Peintures

On me chuchote parfois à l’oreille: « Alexis, ah! si tu agrandissais tes formats…« 

Chez moi, mes seuls spectateurs sont mouches, moustiques. Et il ne me donnent pas l’impression de se plaindre du rôle monumental de mon oeuvre.

Dès que la plume crisse sur le papier, je m’évade dans un autre monde où le temps n’a plus sa raison d’être.

J’adore travailler à l’échelle de la main, faire surgir le détail infiniment petit que je suis le seul à voir.

En vrille discontinue, en transit, ou autiste, la ligne glisse sur le papier, prend le chemin de traverse, puis la trace devient forme. Alors le dessin pique sa colère et tire sa révérence.

Une oeuvre ne demande pas forcément à être regardée. J’aime qu’elle soit préservée de la lumière, rangée dans une enveloppe ou oubliée dans un livre, avec la surprise de la découverte.

Miche Sarre – juillet 2003

Il disait de sa peinture qu’elle le reposait de l’état de tension extrême dans le quel le plongeait l’exercice de la gravure. De la gravure au tableau, son engagement reste pourtant le même, intense, violent, total. Un combat sans merci, toutes armes dehors, sur tous les fronts à la fois, où chaque coup de plume, chaque déploiement de couleur épuise la totalité de ses ressources, dans un enchaînement semblable à celui d’une tauromachie accomplie, jusqu’à ce point de non-retour où l’oeuvre, quand elle l’atteint, s’installe pour l’éternité. Instant suprême où la beauté du geste triomphe du néant. Car de quoi s’agit-il, sinon de donner sens et forme à ce chaos, qui à tout moment s’entrouvre devant nous?

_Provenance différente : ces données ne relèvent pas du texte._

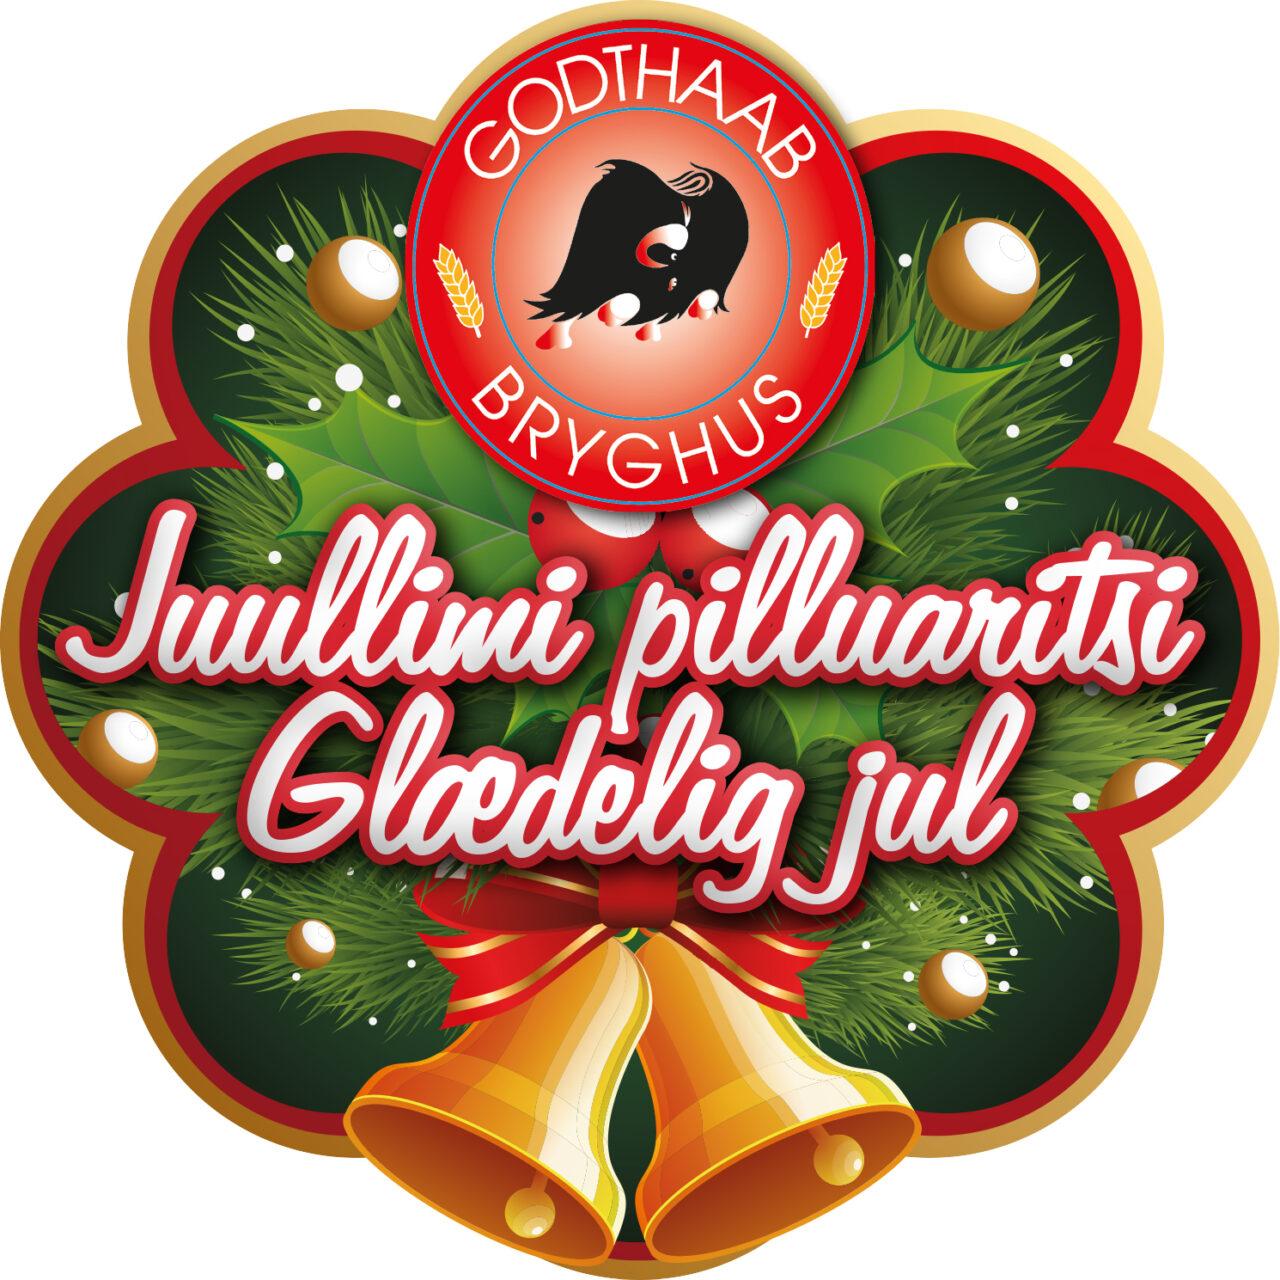 Godthaab Bryghus juleklistermærke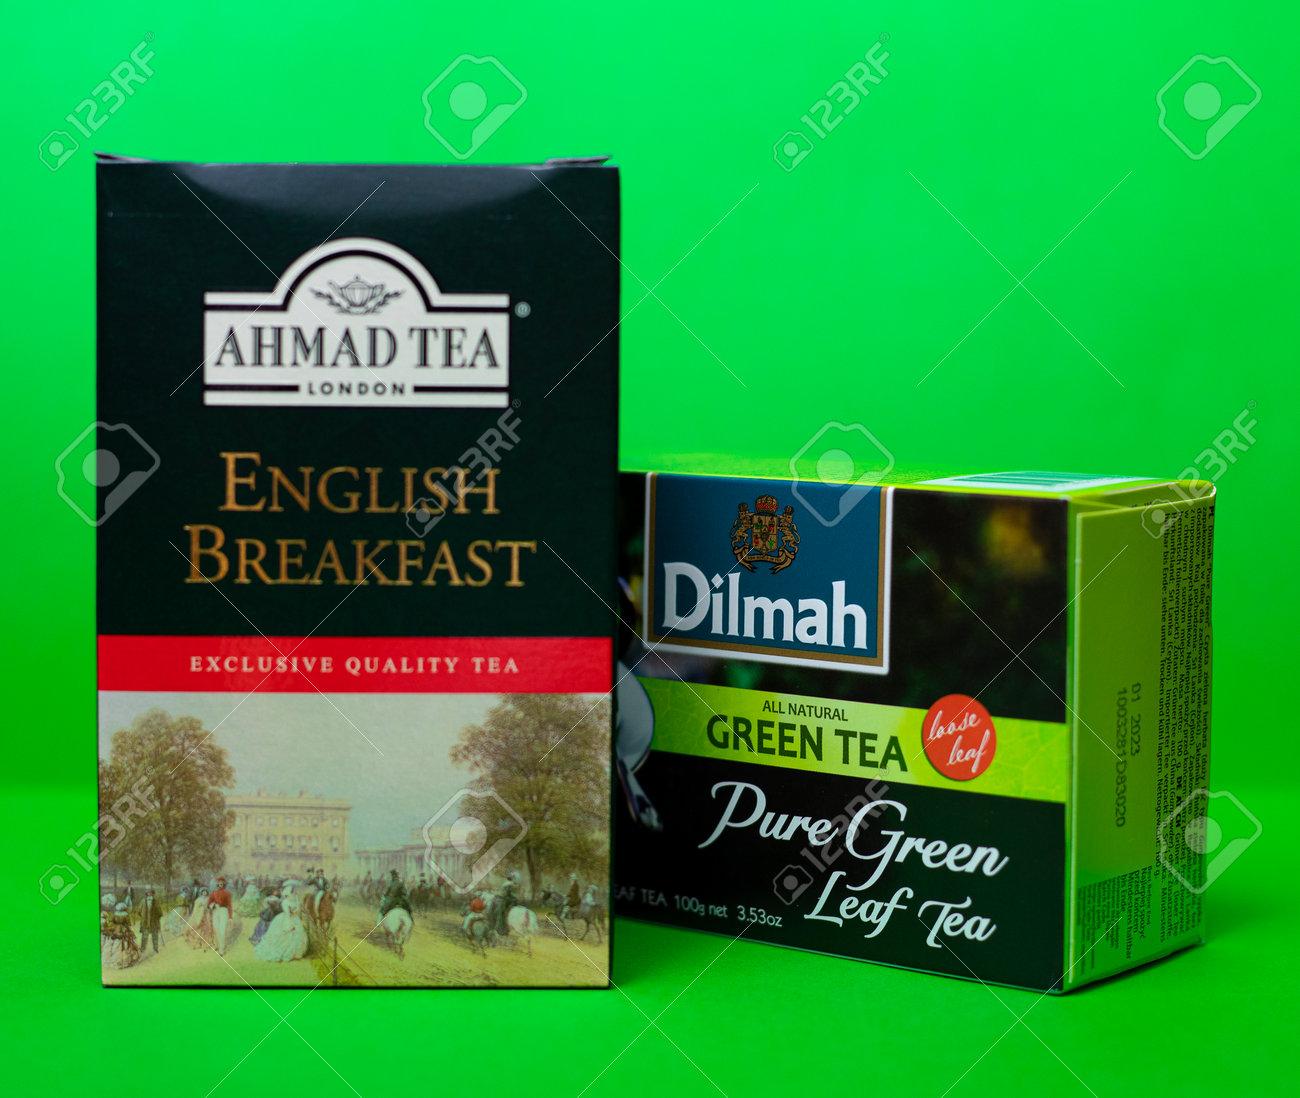 Dilmah and Ahmad tea. Natural pure green and black leaf tea. 01/06/2021. Warsaw, Poland - 162098056

Cette peinture n’est évidemment pas réaliste. Elle est ascèse, chemin de croix, chemin de perfection, aspiration vers la plus haute liberté. Comme un journal, jour après jour, elle consigne une expérience du monde qui s’exprime en des visions d’apocalypses tragiques ou joyeuses selon l’humeur. Inscrites dans des espaces symboliques, merveilleusement articulées entre elles dans un mouvement de systole et de diastole, de contraction et d’expansion, de flux et de reflux dont l’auteur est le coeur, ces visions connaissent parfois le stress des débâcles elle vertige des chutes inexorables, mais aussi la troublante sérénité des corps glissant sur des abîmes aux couleurs inouïes. Les anges et les démons qui les hantes forment une étrange ménagerie de masques, d’animaux fabuleux, de fossiles et d’objets animés, de folles architectures, terriblement humaine. Marqués d’inscriptions naïves dont la beauté graphique contraste avec une orthographe désastreuse, ces ex-votos fêtent l’invention d’un langage et se moquent des règles.

Tant de prodiges et tant de cruauté transfigurée par la grâce de sublimes couleurs a quelque chose de douloureux et de tendre à la fois, d’épique et de jubilatoire comme la vie, telle qu’elle nous apparaît par exemple, dans l’histoire de Notre Seigneur Don Quichotte, dont Alexis partageait la drôlerie et la profonde humanité.